On DTI studies, a reduction of fractional anisotropy and increased mean diffusivity have been shown in the white matter of patients suffering from NMDAR encephalitis (the most common type of autoimmune encephalitis), suggesting that white matter damage is a contributor to the pathophysiology and clinical phenotype, even correlating with disease severity [72].

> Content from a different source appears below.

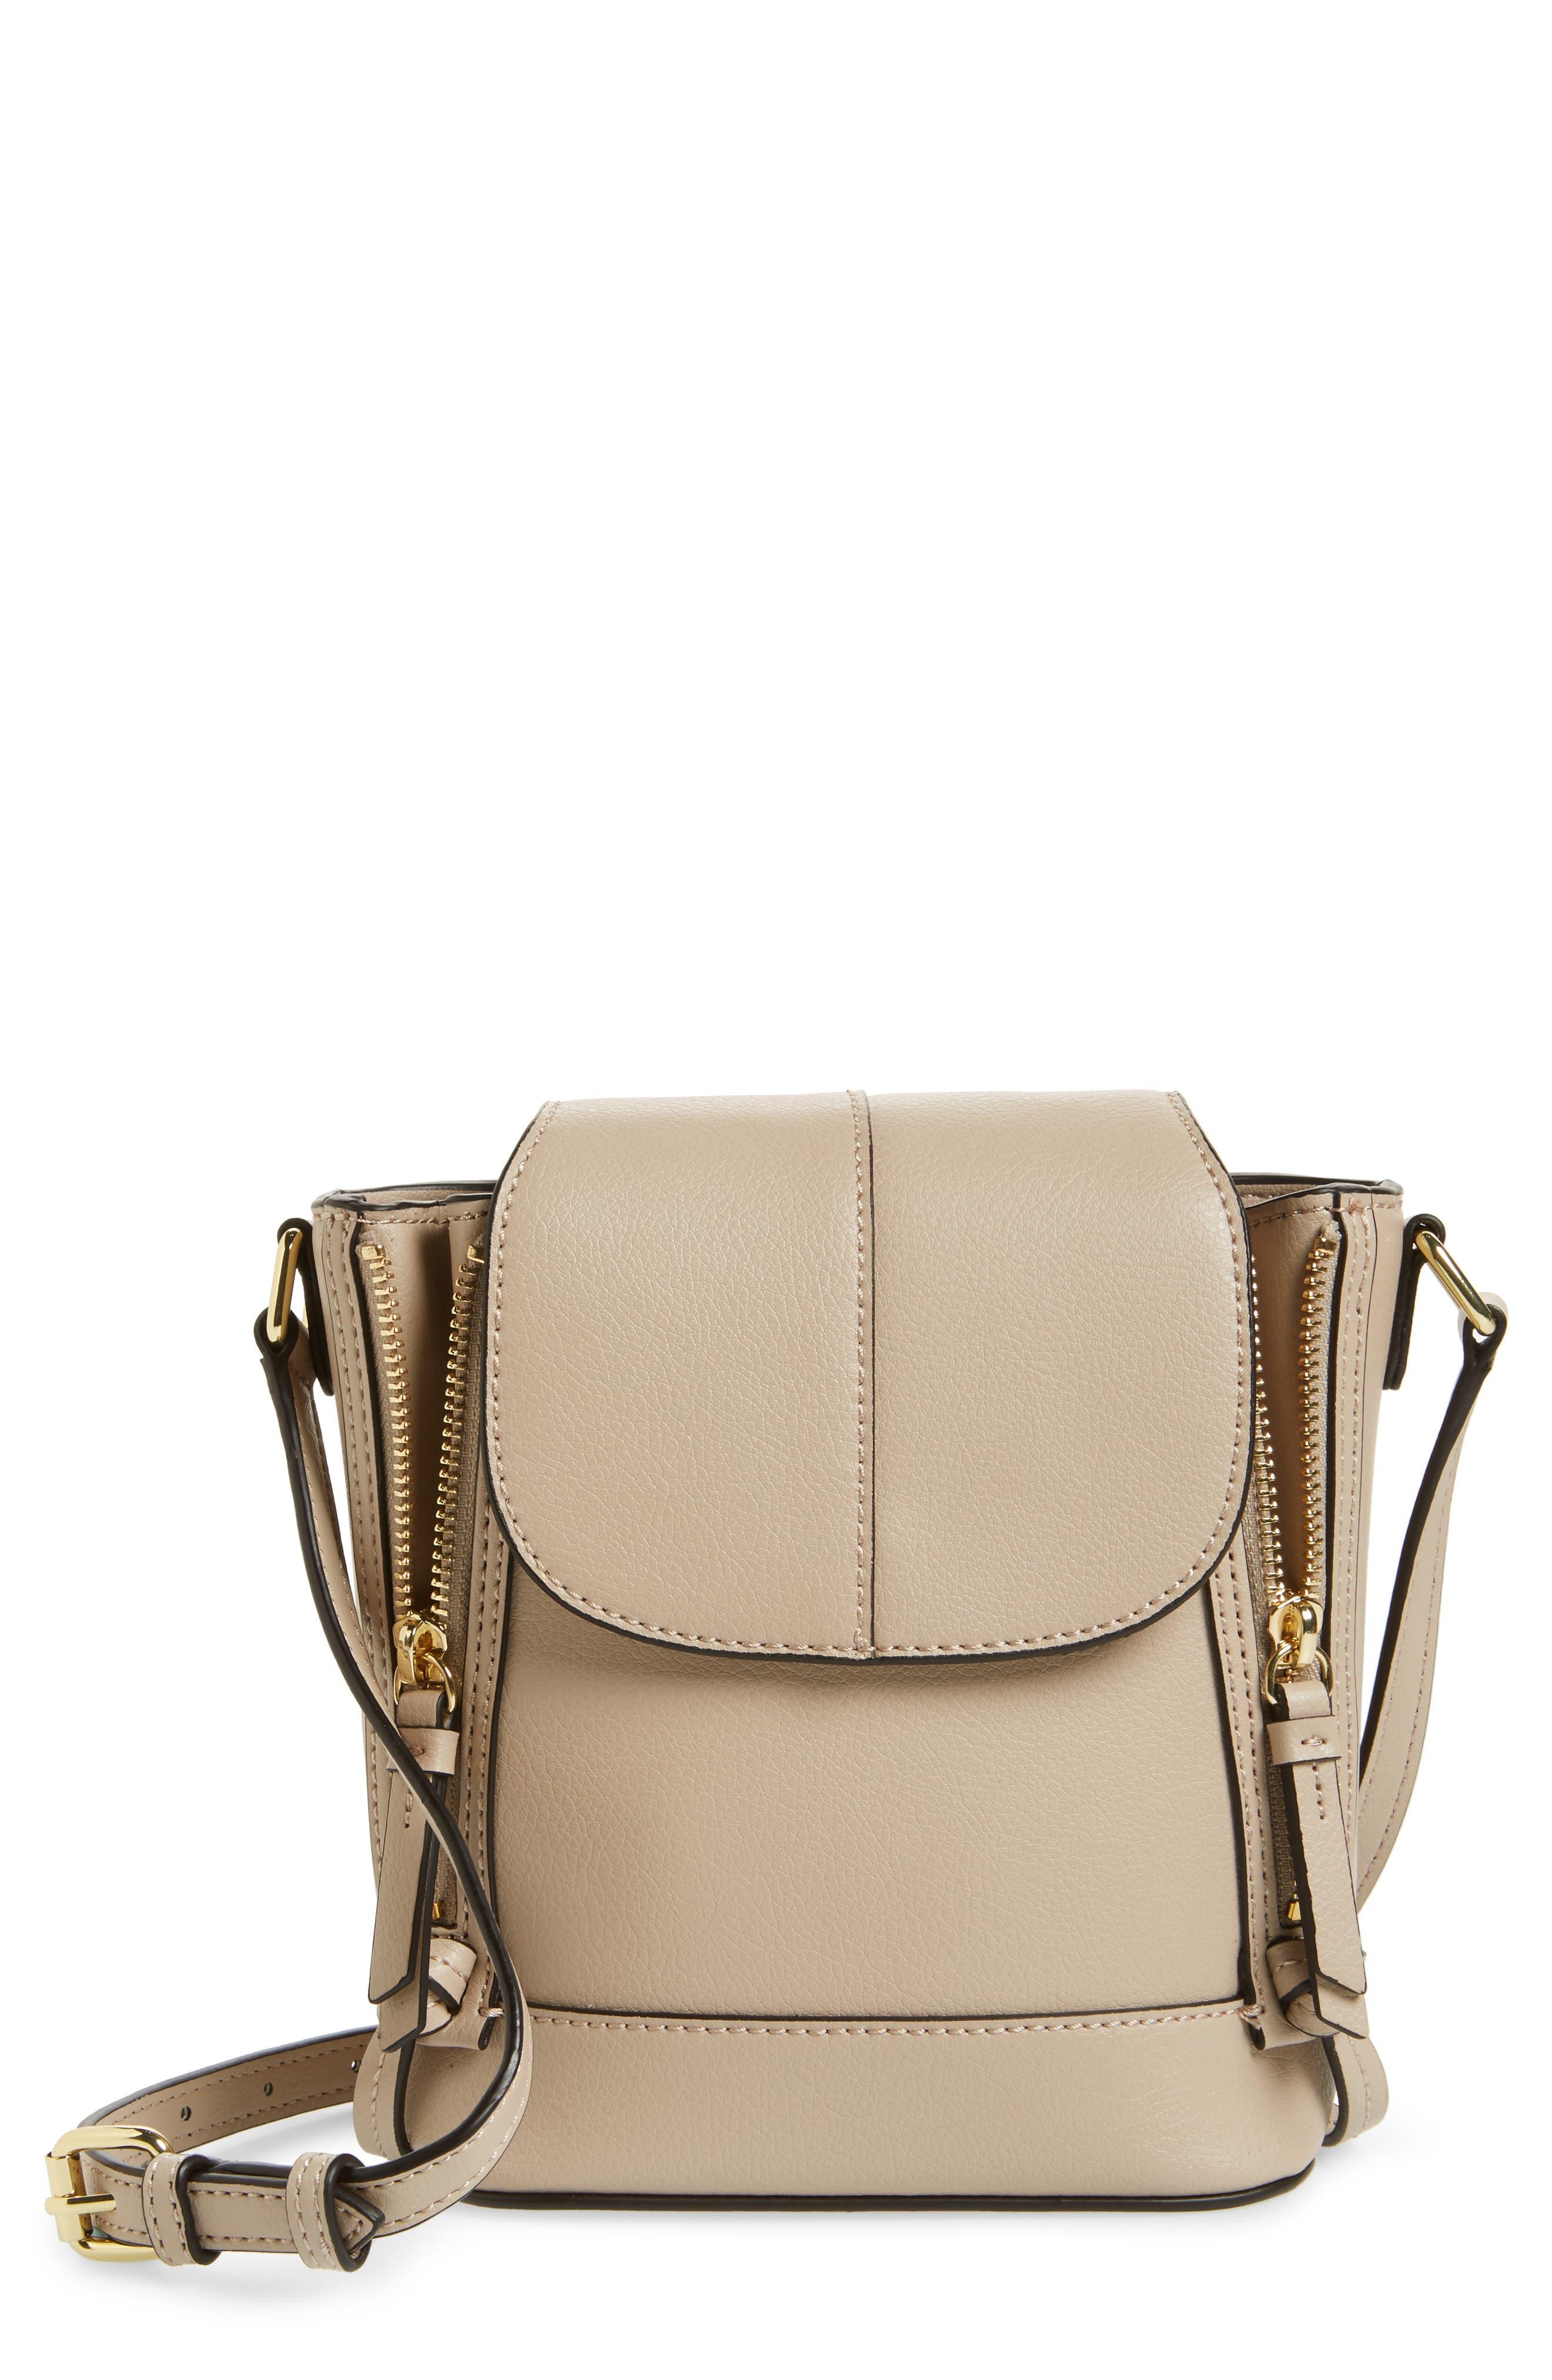 Beckett Leather Crossbody Bag,                             Main thumbnail 1, color,                             250

Another study aiming to assess white matter integrity in the two forms of non-paraneoplastic limbic encephalitis characterised by serum autoantibodies (GAD and VGKC) concluded that GAD-limbic encephalitis presented with FA reduction, probably reflecting demyelination, whereas VGKC-limbic encephalitis caused no changes in the diffusion properties of white matter, probably because this condition is more limited to grey matter [73].

Neuritis

Abnormal signal intensity of the optic nerve due to diffusion restriction may be seen in ischaemic or traumatic optic neuropathy [74, 75]. DWI has been suggested as a useful tool in differentiating these aetiologies from acute optic neuritis (presumed autoimmune aetiology) [76, 77], where there is increased diffusivity in demyelinating plaques, related to disruption of myelinated axons, and decreased fractional anisotropy. However, this should be interpreted in the clinical context, since optic neuritis may also show transient decreased diffusion in the acute phase (Fig. 11).

Fig. 11
figure 11

Optic neuritis. High DWI signal (a) and low ADC value (b) representing restricted diffusion in the right optic nerve in a patient with non-specific optic neuritis

Full size image

With the exception of the orbital apex region, DTI of the optic nerve is facilitated by its anatomy and antero-posterior orientation. This can be useful in assessing tumours such as neurofibromas, schwannomas or meningiomas [78] as well as in brain malformations such as septo-optic dysplasia or optic nerve hypoplasia [79].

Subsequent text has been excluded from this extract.